# Opinions on Yuasa rotary table



## chucksterock (Sep 12, 2017)

I have been watching Craigslist for a rotary table for my Bridgeport and what's listed as a 12" rotary table.  The images are quite small but the tag says yuasa.  The guy is only asking $200.  Could this be a bargain?


----------



## mikey (Sep 13, 2017)

Might help to provide a link. Yuasa makes really good tools in general and their rotary tables are well thought of. Yuasa does make horizontal only as well as horizontal/vertical rotary tables and other kinds of powered tables. Before anyone can give you input, we need to see what you're looking at.


----------



## Bob Korves (Sep 13, 2017)

chucksterock said:


> I have been watching Craigslist for a rotary table for my Bridgeport and what's listed as a 12" rotary table.  The images are quite small but the tag says yuasa.  The guy is only asking $200.  Could this be a bargain?


Be aware that you will likely need lifting equipment to place and remove that size table on and off the mill.


----------



## chucksterock (Sep 13, 2017)

Here's a link:

https://cleveland.craigslist.org/tls/d/12-rotary-tablefor-bridgeport/6303643375.html


----------



## Billh50 (Sep 13, 2017)

looks like a good deal. But as Bob said, be aware that it will be very heavy and you will need a way to lift it on and off the mill.


----------



## seasicksteve (Sep 13, 2017)

I saw that I think if its in good shape that is a great deal. Thats going to be a heavy dude. I have a yuassa spacer and indexer I like them


----------



## mikey (Sep 13, 2017)

Yup, that's a Yuasa horizontal/vertical rotary table and if it is intact, that is a smoking deal. As everyone cautions you, that table weighs almost 150#; you might need a hoist. Do you really need something that big?


----------



## chips&more (Sep 13, 2017)

Do you even need a rotary table? I have a 12” heavy sucker. Have not used it in decades, just sits on the bottom shelf. I do work arounds (and I'm not talking CNC). I have not needed a rotary table in decades. I do use a Hardinge 5C indexer all the time. But, if you are a toolaholic, then you need not ask, just get it, it’s a very good price…Dave


----------



## Bob Korves (Sep 13, 2017)

The price is good, but so are big rotary tables around here.  I bought a cast iron surface plate from a guy near here who is also trying to sell half a dozen or more rotary tables of around that size and a little bigger.  He bought them as a lot and was trying really hard to sell me one, and would have bargained, they weren't moving.  Since CNC, they are just about obsolete in industry, and there are lots of them for sale that do not move because most hobbyists don't want to deal with the weight.  Still, Yuasa makes a quality rotary table, and it is a useful tool.  Reflect on what you really plan to use it for, and the logistics of storing and moving it, then check it out closely before laying your money on the table.


----------



## ezduzit (Sep 13, 2017)

That is a smoking deal on a most excellent quality table.
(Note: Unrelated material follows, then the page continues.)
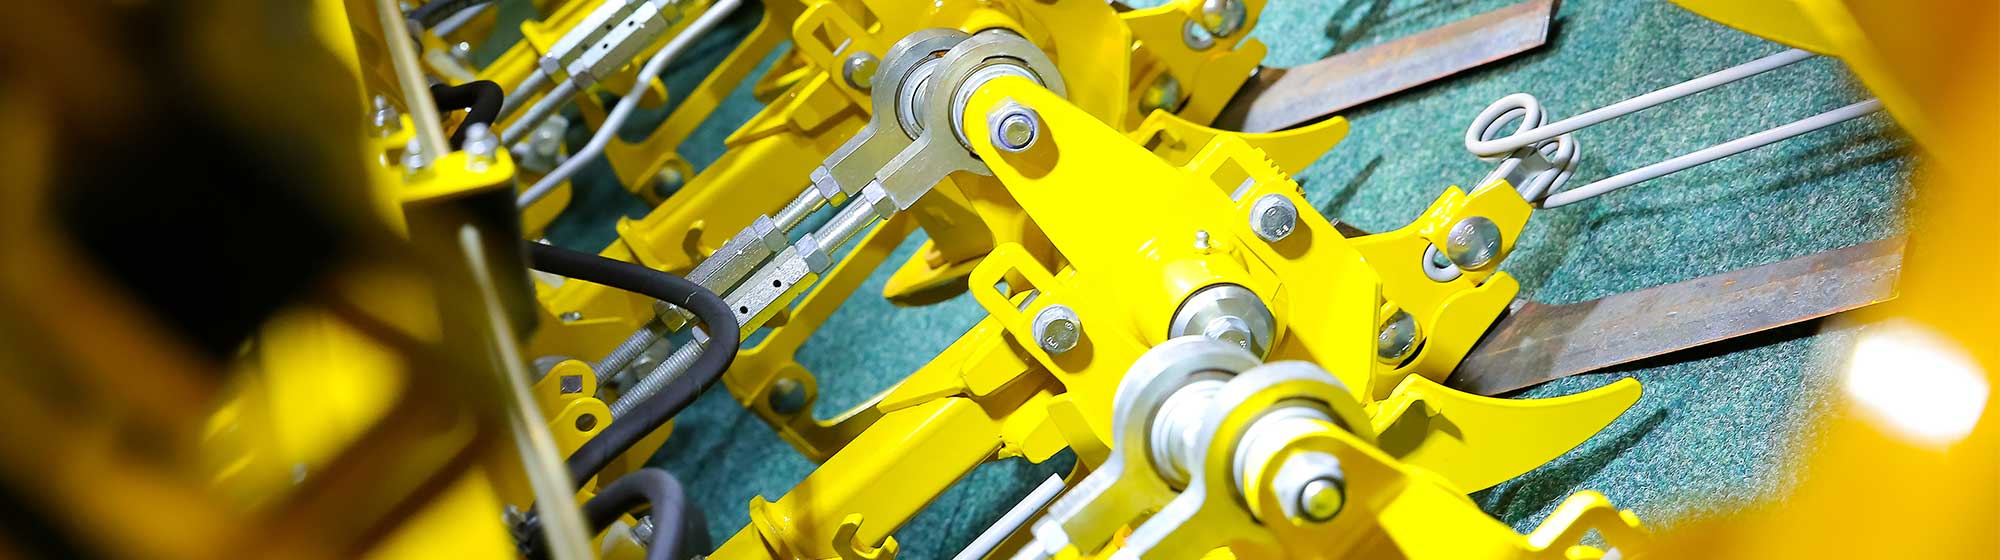 Cogs of a yellow agricultural machine
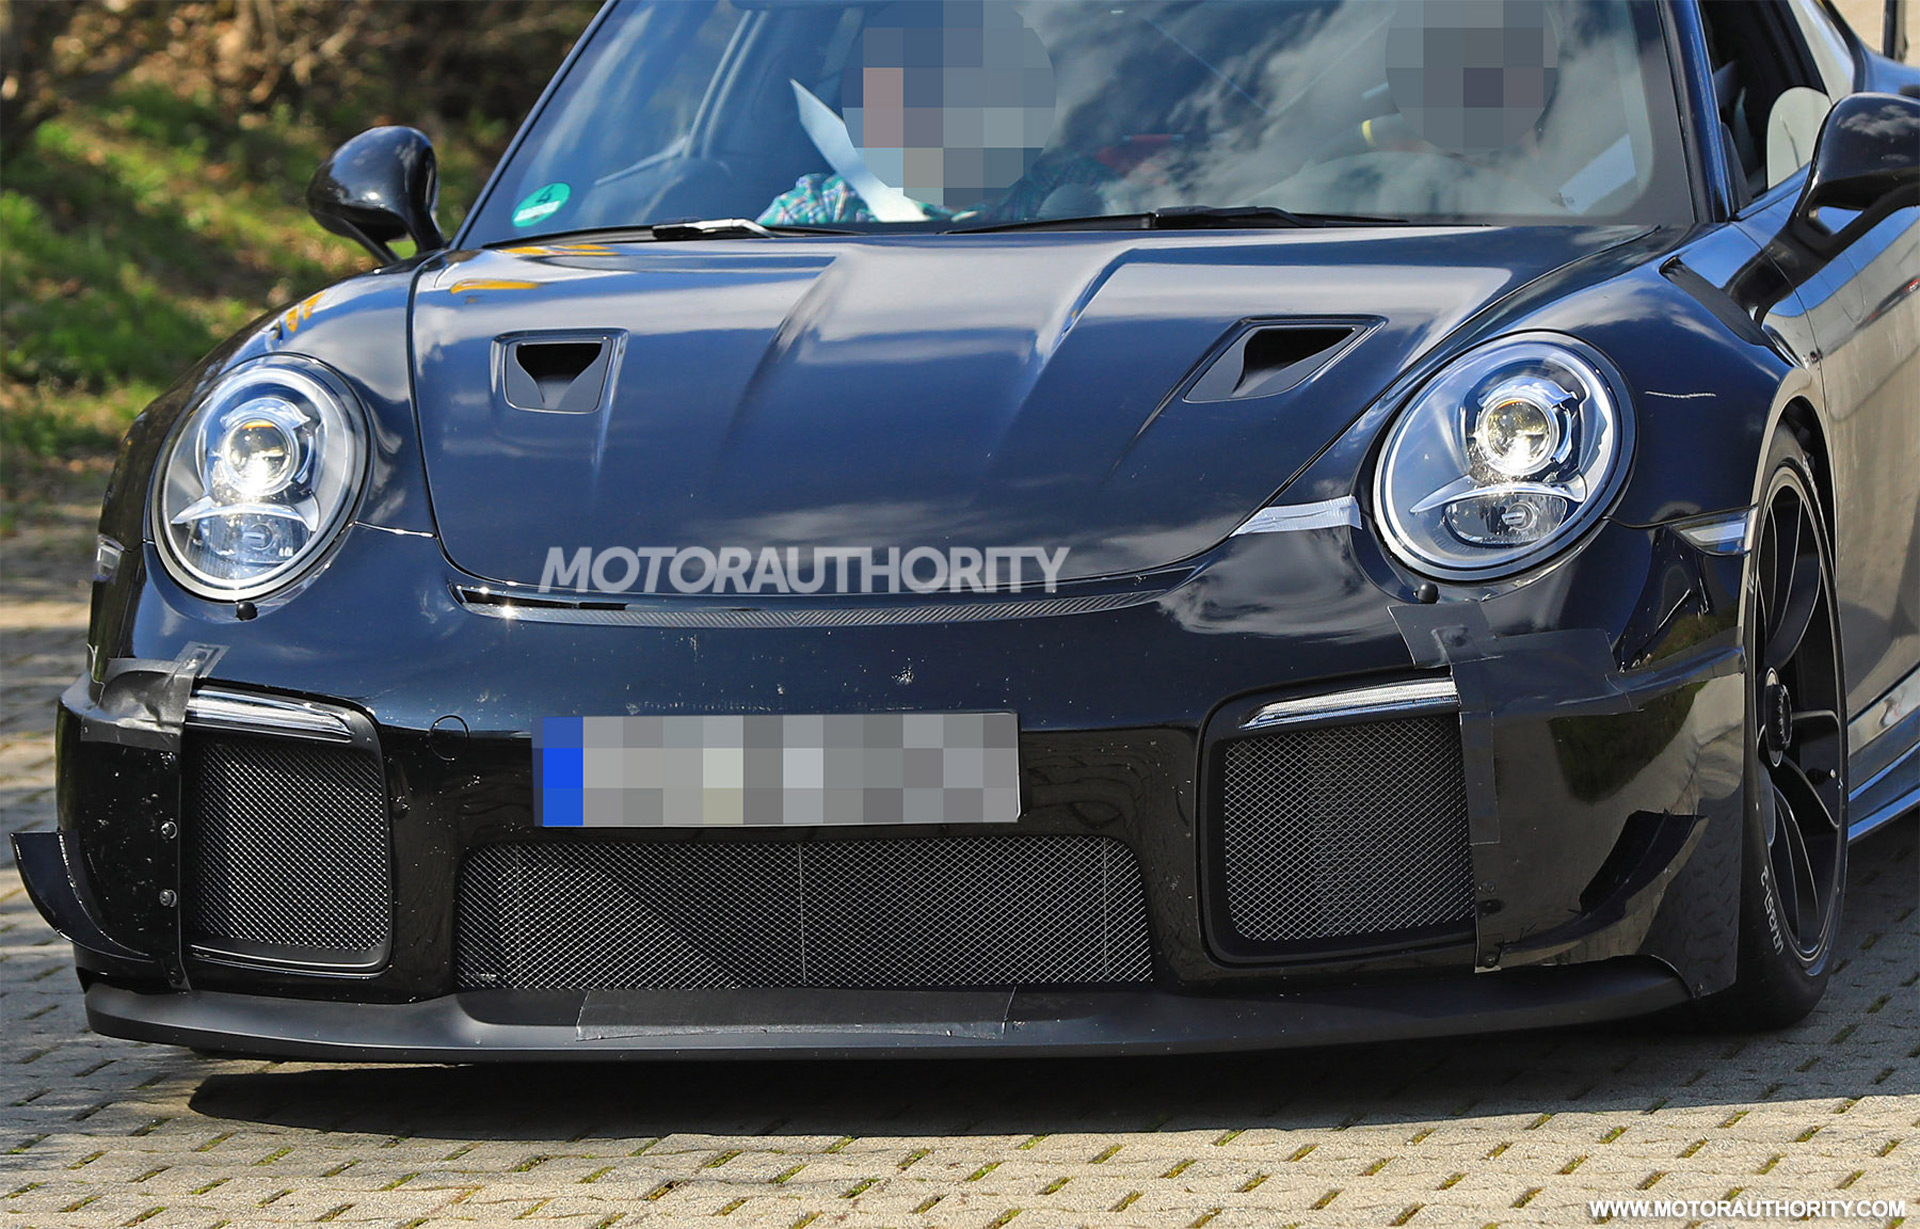 Porsche 911 GT2 RS specs surface, sub-7:00 'Ring time mooted

I store mine close by so I need only crank the mill table way over to slide the rotary table into place.


----------



## NCjeeper (Sep 14, 2017)

chips&more said:


> Do you even need a rotary table?


 I have an 8" table and use it a lot for projects.


----------



## ezduzit (Sep 14, 2017)

Here's my first fabrication on a mill, an end fitting for a 4" diameter sailboat boom. Used my Troyke rotary table to do much of it.







[/url][/IMG] 







[/url][/IMG]


----------



## Silverbullet (Sep 15, 2017)

Nice job,bet that would have been pricy.


----------



## ezduzit (Sep 15, 2017)

Sb--thank you.


----------



## eeler1 (Sep 18, 2017)

Years ago, maybe the 1950's and 1960's, we used to make fun of stuff made in Japan, but machine tooling was actually pretty good, including Yuasa branded stuff.   Agree with the others as far as need and scale are concerned.  But don't be afraid of the quality of the tool.


----------